The AUC and ROC curve [32] were used to evaluate the performance of the proposed pipeline. A ROC curve is a commonly used method to visualize the performance of a binary classifier by plotting true positive rates and false positive rates with different thresholds, and an AUC summarizes its performance with a single number. The great advantage of AUC is its validity in an unbalanced dataset. Since only a small number of DWI slices have PCa tumor (e.g., average of 1 to 3 slices per patient where the total number of slices are an average of 14), AUC is the best way to evaluate the performance of the pipeline. In addition, ROC curve allows us to pick desired specificity and/or sensitivity of the classifier through the threshold. This evaluation method is applied to slice-level and patient-level classifications using the test set with 108 patients (1,486 slices).

Slice-Level Performance

Since the pipeline contains 5 individually trained CNNs, there are five different test results at slice level. Table 1 shows individual performances on the test set for each CNNs. Our best CNNs (CNN1) achieved the DWI slice-level AUC of 0.87 (95 Confidence Interval (CI): 0.840.90). Figure 1 shows the ROC curve of CNN1 performance.
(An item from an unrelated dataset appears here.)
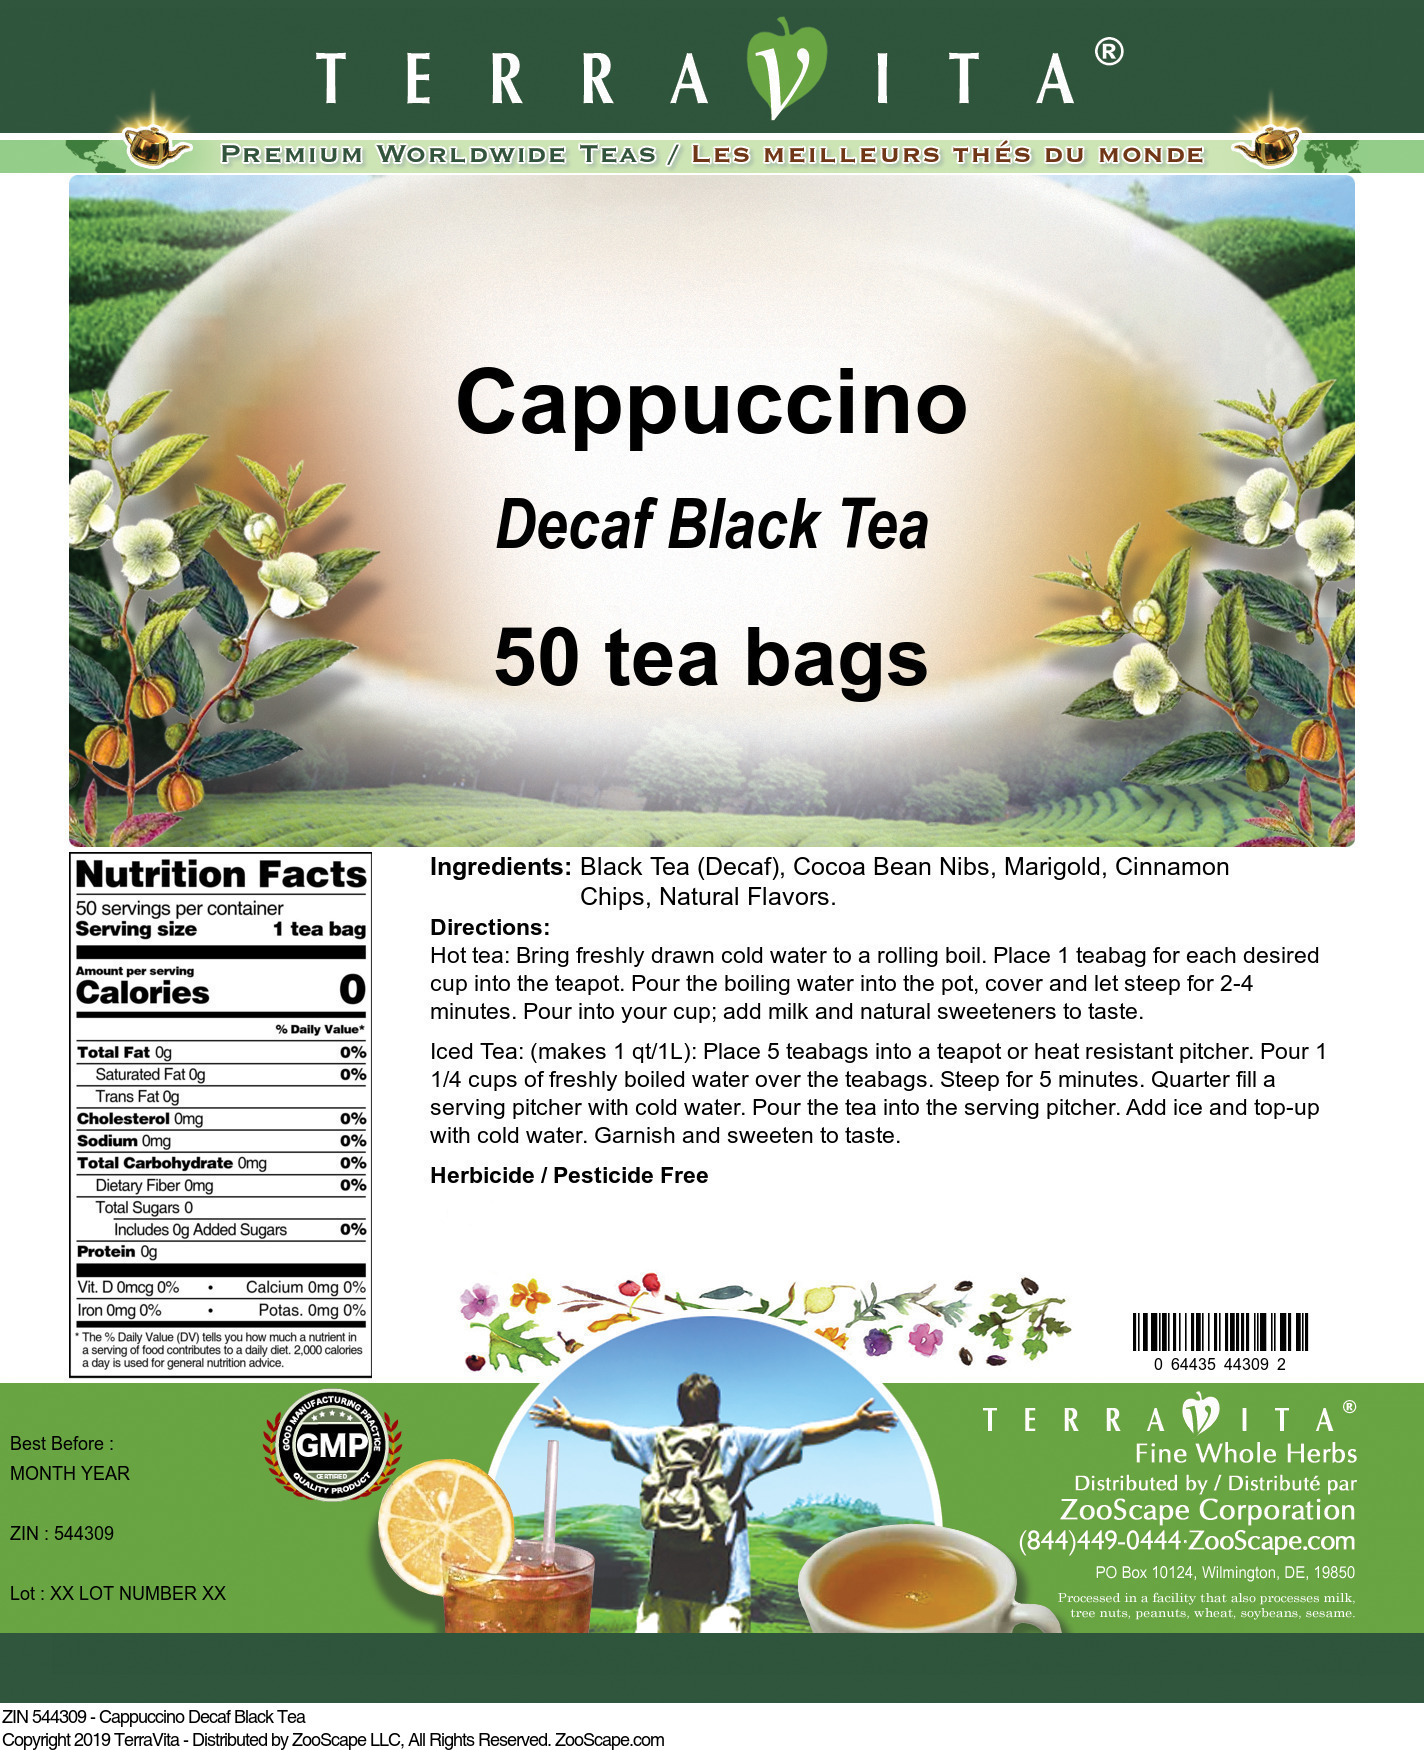 Cappuccino Decaf Black Tea - Label

Architecture Test AUC (95 % CI)
CNN1 0.87 (0.84 - 0.90)
CNN2 0.87 (0.84 - 0.90)
CNN3 0.86 (0.83 - 0.89)
CNN4 0.85 (0.82 - 0.88)
CNN5 0.85 (0.82 - 0.88)
Table 1: Slice-level performances of 5 individually trained deep CNNs.
Figure 1: Slice-level ROC curve of the proposed ResNet inspired deep learning architecture (AUC: 0.87, CI: 0.840.90)

Patient-Level Performance

The patient-level AUC by our Random Forest classifier with the features extracted through CNNs was 0.84 (95 CI: 0.760.91) (Figure 2).

Figure 2: Patient-level ROC curve of the proposed pipeline: Random Forest classifier trained on the features extracted by the CNNs (AUC: 0.84, CI: 0.760.91)


In the literature, several PCa classification methods for MRI images have been developed to address the inherent challenges of CAD tools for cancer detection, which can be categorized into two classes: radiomics-driven feature-based methods [9, 10, 11, 12, 33, 34] and deep learning-based methods [29, 24, 27, 22, 26, 23].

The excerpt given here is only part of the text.